# The real deal on EBAY RACING SEATS need your experiences



## Rally18 (Mar 30, 2005)

I just picked up a 97' Gti VR6 with 175K mi. The interior (black\ light gray) is great except the two front seats are cracking, torn, and just not in the best shape. I am considering installing aftermarket seats and the prices of some of these eBay seats are tempting, but I have my reservations. I have seen 1 post about someone getting in an accident and his seat (an aftermarket "racing" seat from Pep Boys) collapsed resulting in a back injury. I want to avoid injury to myself and passenger especially considering I will install a 4 pt cage with 4 pt. harnesses for light track use. I know that sometimes you get what you pay for and the safe route is to spend the money on a good Corbeau or Sparco set, but that would probably run me just as much as I paid for the car. Anyone out there that has purchased a reasonably priced seat like or similar to the ones below please post your opinions! I would like to hear about the quality, durability, construction, and how you like them overall.
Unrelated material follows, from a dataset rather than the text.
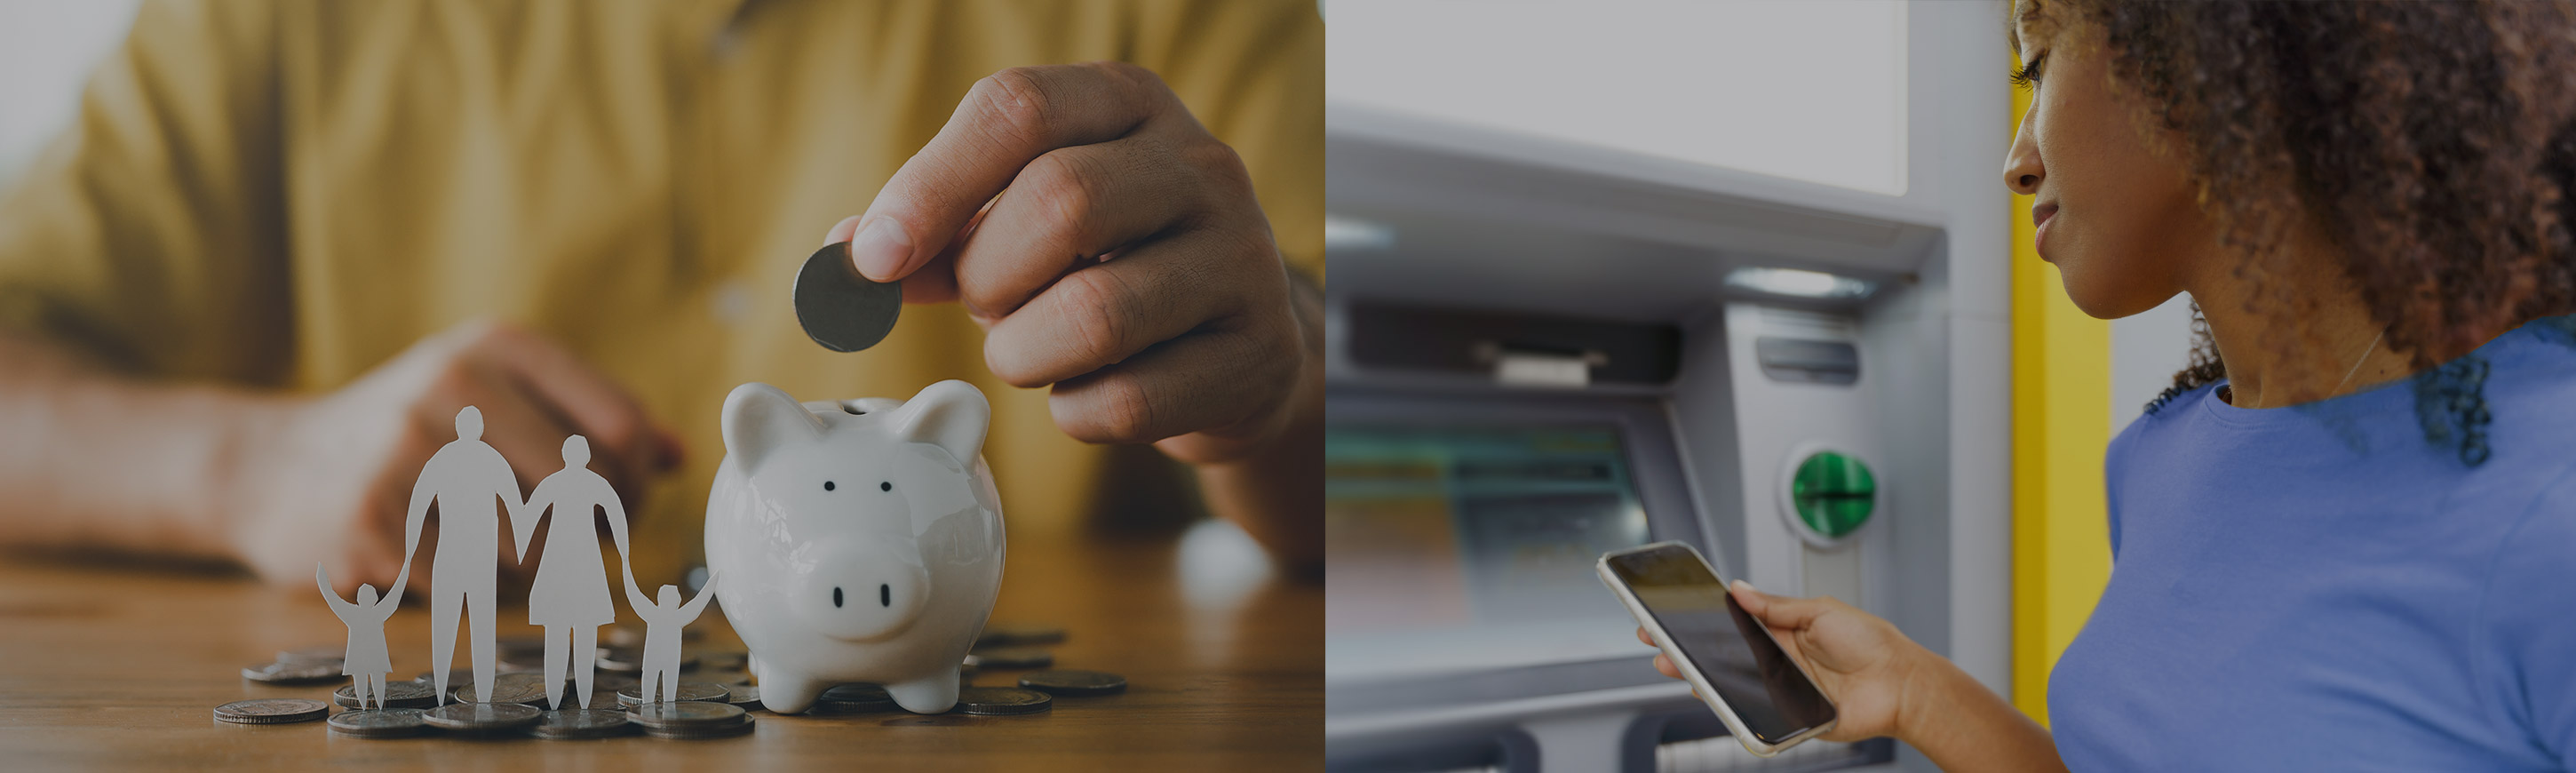 Two images side by side - one is a person putting a coin in a piggy bank and the other is a woman looking at her phone standing in front of an ATM machine

Thanks for your input! 
Pics below with ebay item titles:
2 X JDM BLACK FULLY RECLINABLE BUCKET RACING SEATS PAIR:








2 X NISMO CF RACING BUCKET SEATS SEAT BLACK RACE SPORT:








2 BLACK RACING SEATS SEAT LEATHER LIKE **FERRARI STYLE*


----------



## COSitsWORTHit (Nov 25, 2002)

*Re: The real deal on EBAY RACING SEATS need your experiences (Rally18)*

I don't have an answer for you as far as quality, But you gotta think that there is this huge factory that makes seat parts and then sells them to other retailers and they cover them etc.
Its that way with sunglasses too. Your Ray-ban lenses are not even made at the Ray-ban factory!
So I wonder....I do like those seats.


----------



## fastgermancar (May 4, 2005)

Just buy from a company that you know is safe, I got Tenzo R Rally seats off EBay for $500 with free shipping. Thats cheap for good seats and they are great.


----------



## 87'GTI (Apr 18, 2005)

im sure they have to pass some sort of safety thing or w/e for a company to be able to sell them


----------



## Rally18 (Mar 30, 2005)

unfortunately most companies classify their products as "off-road only" (like nitrous systems) so if you get caught with one on the street or you wreck yourself its your azz. Seats are no exception. They can build them crappy as they want so in the end they might say they were built for show purposes or some BS like that. FIA standard is good as well as DOT, but I don't know how many of these reclining race seats (even the expensive ones) are certified as either.


----------



## COSitsWORTHit (Nov 25, 2002)

*Re: (Rally18)*

here is a bump with some info...
the other day I went to Autozone and they are selling 3A racing seats. Nowhere on the seat ad or anything does it say "offroad use only" and i don't think that Autozone would sell something that could cause you to die in an accident....would they?
Off I go to email Autozone.


----------



## Rally18 (Mar 30, 2005)

"i don't think that Autozone would sell something that could cause you to die in an accident"
That is classic, its almost as if you have never talked to a single person who worked there...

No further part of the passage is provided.